Alone with the King, Hatter kept his eyes on the windows. Silenced stretched between them for some time, until finally Jack broke it.
"Don't you even want to know why I summoned you?"
Hatter sneered. "Not particularly. You can gloat just as well without me here as with."
Jack frowned. "Gloat? Why would I gloat?" He stood and crossed the room to stand by Hatter's side, gazing out the windows. "On the contrary, I and all of Wonderland owe you a debt of thanks for all you did to assist Alice while she was here."
Hatter shrugged, a one-shoulder gesture that lacked energy.
Jack sighed. "Why do you dislike me so, Hatter?"
Startled, Hatter actually looked up at the man. "Three guesses. First two don't count."
Jack smiled faintly. "Because I was there at the beginning?"
Hatter turned away. "Begin at the beginning, go to the end…" He started to walk towards the door; he couldn't be bothered matching witticisms with the King.
"Then stop," Jack finished the old Wonderland aphorism. "Here's another one for you: If it was so, it might be; and if it were so, it would be; but…."
Freezing in place, Hatter pondered the rest of that saying. As it isn't, it ain't. That's logic.
Jack continued to speak behind him. "You see, she wasn't able to forgive me for that failing that afflicts so many Wonderlanders: lack of feeling. I'd offered her the ring in her world. To her, that was a sign of more than average affection. It startled her – we had not been spending time together for very long. She quite threw me out of her home over it. But I'd left the ring, to protect it, not expecting she'd come charging after me to return it. And when I could no longer convince her of the strength of my affection to her… well, she deemed me to be unworthy of her."
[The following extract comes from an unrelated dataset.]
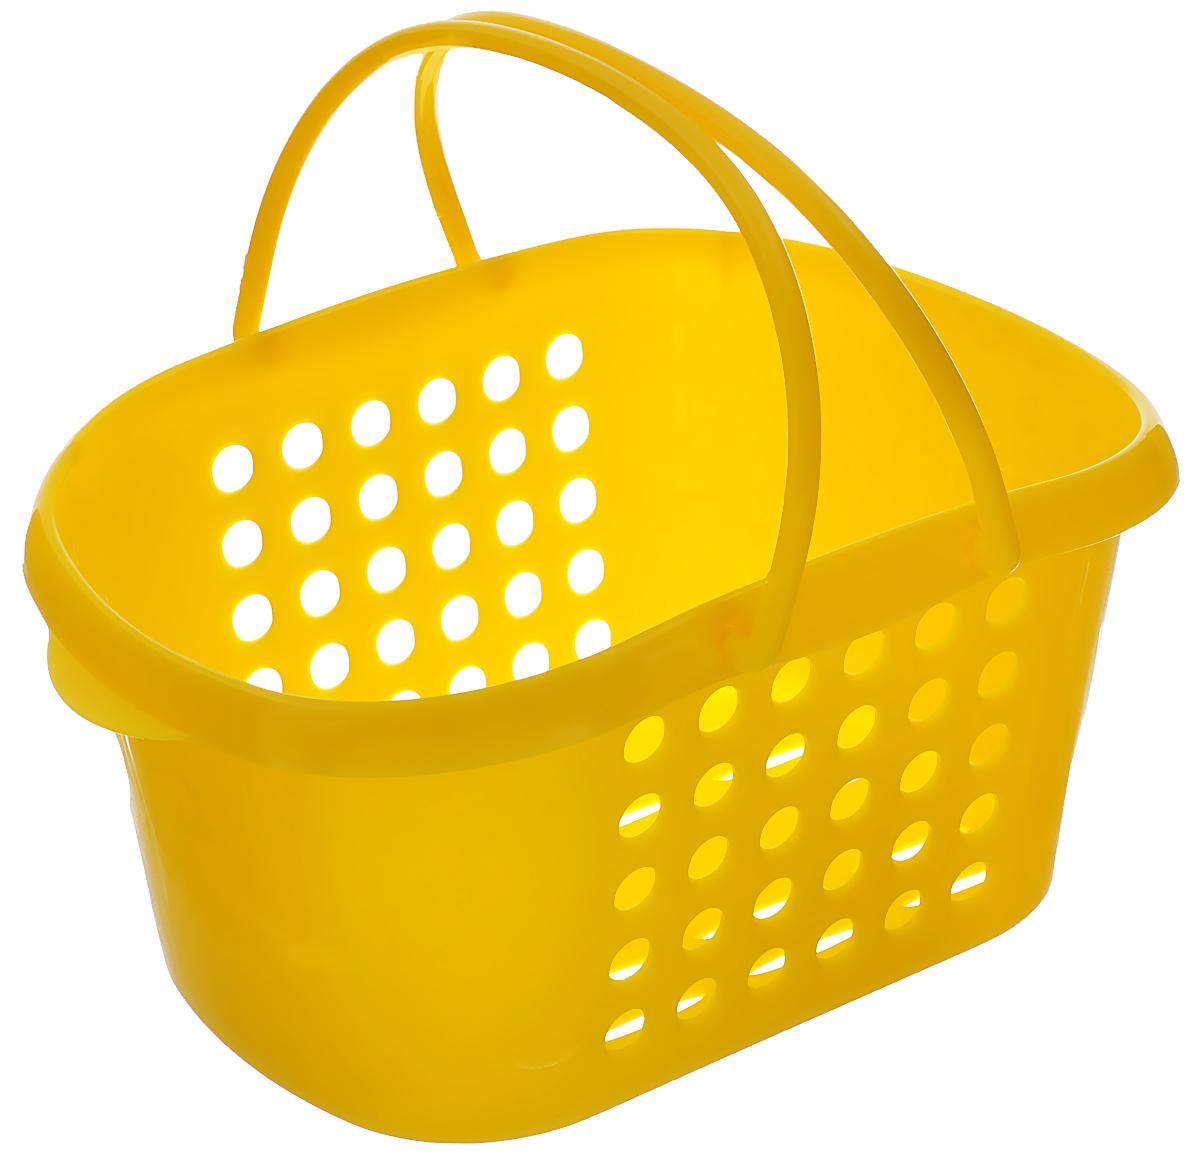 Корзинка универсальная Econova, с ручками, цвет: желтый, 23 см х 17,3 см х 11,5 смС12246_желтыйУниверсальная корзинка Econova изготовлена из высококачественного пластика и предназначена для хранения и транспортировки вещей. Корзинка подойдет как для пищевых продуктов, так и для ванных принадлежностей и различных мелочей. Изделие оснащено двумя ручками для более удобной транспортировки. Стенки корзинки оформлены перфорацией, что обеспечивает естественную вентиляцию. Универсальная корзинка Econova позволит вам хранить вещи компактно и с удобством.

It is always more chivalrous to let the lady decide for herself what she deserves, Charlie had said. Hatter remembered how Alice had thrown herself into his arms on the Casino floor, tears of emotion in her eyes when she admitted fearing he was dead. The dizzying rush he got when she was near, the strange unfathomable anticipation she exuded during their last goodbye. "Charlie said…" Hatter started, but Jack's chuckle stopped him.
"Sir Charles is a noble and loyal person, whom, I've discovered, cannot keep a secret to save his life." Jack ambled casually back to the conference table, pretending to examine some documents. "You know, the technicians can set the Looking Glass to almost any moment they wish. Why, even a month later, they can send a person through to appear in the otherworld at the exact moment necessary," Jack said with an air of nonchalance. But Hatter kept up with the sudden subject change.
Turning back to face his king, Hatter asked simply, "Why?"
Jack's smirk was wistful. "Just because I wasn't her choice, doesn't mean I don't still want her to be happy. And if you are her choice, well, I'm not cruel like my mother. You both deserve the chance."
Bloody hell, Hatter thought. He could learn to like the King after all.
"Now," the King said briskly, "I can't just shove you through the Looking Glass with a fare-thee-well. The otherworld is a very different place. The landscape, the customs, the technology, it's all very different from Wonderland. I'll have you well-briefed by some White Rabbit agents with experience visiting the otherworld. In addition, we'll need Caterpillar to arrange an identity for you, as he did for me. Frankly, you're what they'd consider a bit… scruffy… over there. You'll need sprucing up."
"Scruffy?" Hatter yelped in outrage. "Now see here–"
"I'm not saying you have to turn into a Suit, Hatter. Just that you'll have to blend."
"Blend," Hatter muttered as the King went to an intercom and requested someone to join them. "I'll show him blended."